In short, the SVM is a basic linear model. The main idea of the algorithm (in the case of classification) is to divide the classes by a hyperplane so as to maximize the distance (gap) between them. Initially, the algorithm was able to work only with linearly separable classes, but in the 90s of the last century, the method became especially popular due to the introduction of the "Kernel Trick" (1992), which made it possible to work effectively with linearly inseparable data.

![](https://sandipanweb.files.wordpress.com/2018/04/svm_slack.png?w=676)

## Kernel Trick

The kernel is a function that can transform the feature space (including non-linearly), without directly transforming the features.

It is extremely efficient in terms of calculation and potentially allows you to obtain infinite-dimensional feature spaces.

The idea is that classes that are linearly inseparable in the current feature space can become separable in higher-dimensional spaces:

![](https://miro.medium.com/max/1838/1*eU9PzjVcLNbNEzBC2g_iWg.jpeg)

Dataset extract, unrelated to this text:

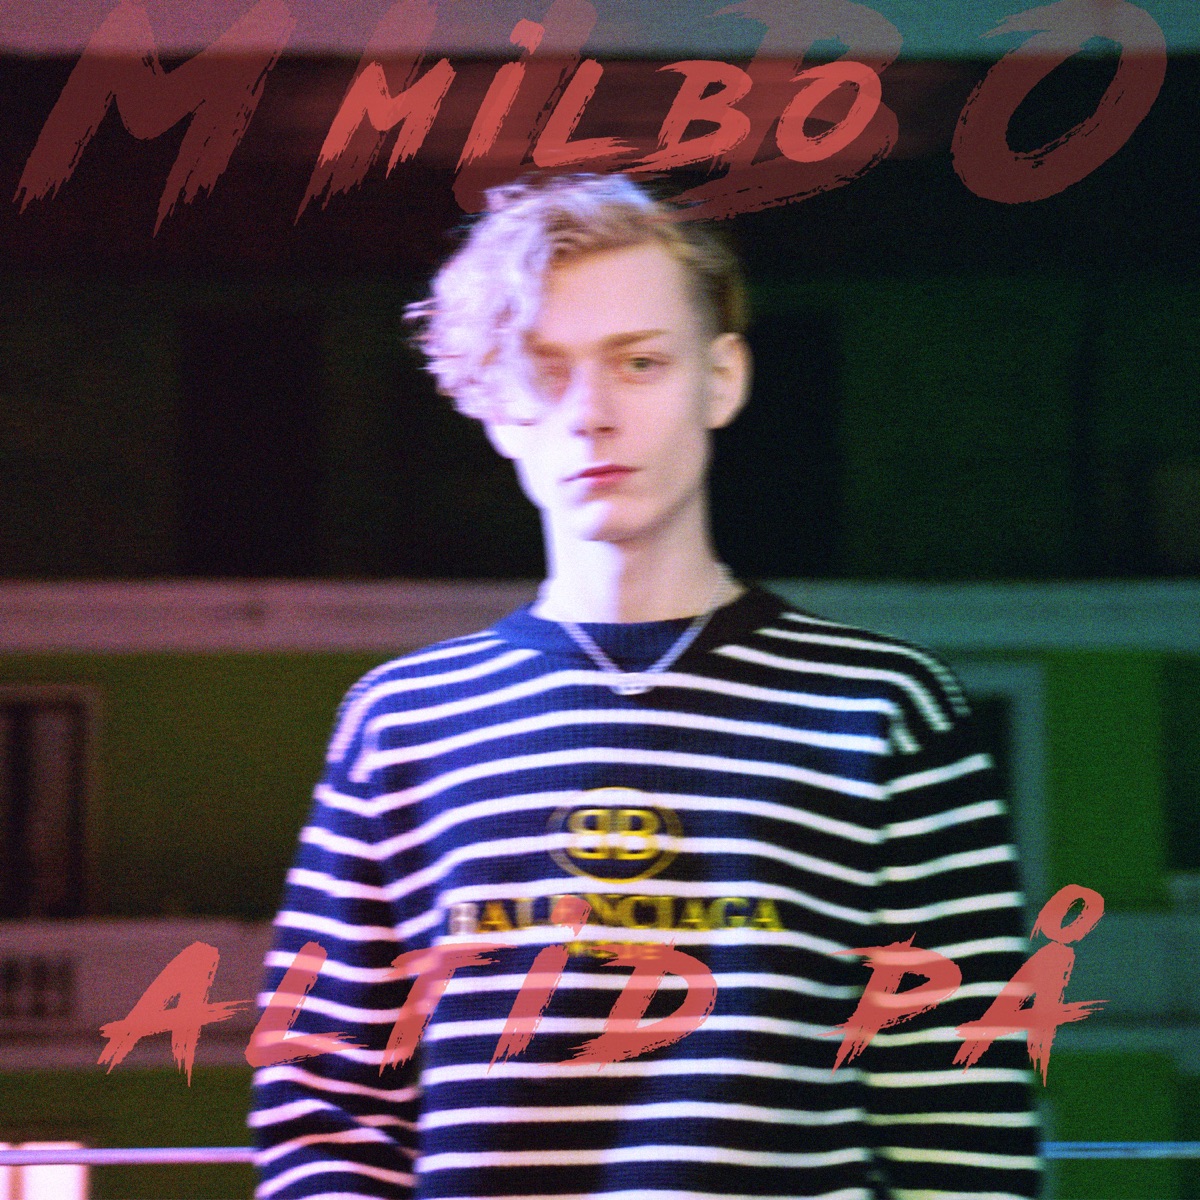 25 - by Milbo on Apple Music

## Algorithm itself (Scholkopf approach)
http://rvlasveld.github.io/blog/2013/07/12/introduction-to-one-class-support-vector-machines/

**One Class SVM** - this is one of the forms of the classical algorithm, but, as the name implies, to train it, we only need to have one class, even if it is a little "noisy", and we want to learn how to make a decision for each new observation, whether it is anomalous or not.

**General Idea:** transform the feature space and draw the separating hyperplane so that the observations lie as far away from the origin as possible:

![](https://www.researchgate.net/profile/Hany_Alashwal/publication/242572058/figure/fig1/AS:393295319584771@1470780319210/Classification-in-one-class-SVM.png)

As a result, we get a boundary on one side of which lie the most "dense" and similar observations from our training sample, and on the other side there will be anomalous values that are not similar to all the others. The percentage of such anomalous observations that the model will try to separate from the main part of the sample, we again set at the very beginning of training using the parameter `nu`

In [None]:
from sklearn.svm import OneClassSVM

one_class_svm = OneClassSVM(nu=0.10, gamma='auto')
one_class_svm.fit(scaled_data)
svm_outliers = one_class_svm.predict(scaled_data)
svm_outliers = np.array([1 if label == -1 else 0 for label in svm_outliers])

In [None]:
anomalies_report(svm_outliers)

In [None]:
# ~51 sec
labeled_data = data_features.copy()
labeled_data['is_outlier'] = svm_outliers

sns.pairplot(data=labeled_data, vars = other_features,
             hue='is_outlier', hue_order=[1, 0],
             markers=['X', 'o'],  palette='bright');

## Pros and cons

\+ Due to kernel trick, the model is able to draw **non-linear dividing boundaries**

\+ It is especially convenient to use when there are not enough "bad" observations in the data to use the standard approach of learning with a teacher - binary classification

\- It can be very **over-trained** and produce a large number of false negative results if the separation gap is too small

## Isolation Forest <a id="isolation_forest"></a>

The idea - let's see how easy it is to "isolate" an observation from everyone else. If it is too easy, it probably lies far away and is an outlier. If it is very heavy - most likely it is similar to a bunch of other points and is not an outlier.


**Algorithm:**
1. Select the point to isolate.
2. For each feature, set the isolation range between minimum and maximum.
3. Select a feature at random.
4. Select a value that is in the range, again randomly:
    - If the point is higher than the selected value, move the minimum range of the feature by this value.
    - If the point is lower, move the maximum value of the feature by the value.
5. Repeat steps 3 and 4 until the point is isolated. That is, until the point becomes the only one located within the range for all the features.
6. Count the number of times you had to repeat steps 3 and 4.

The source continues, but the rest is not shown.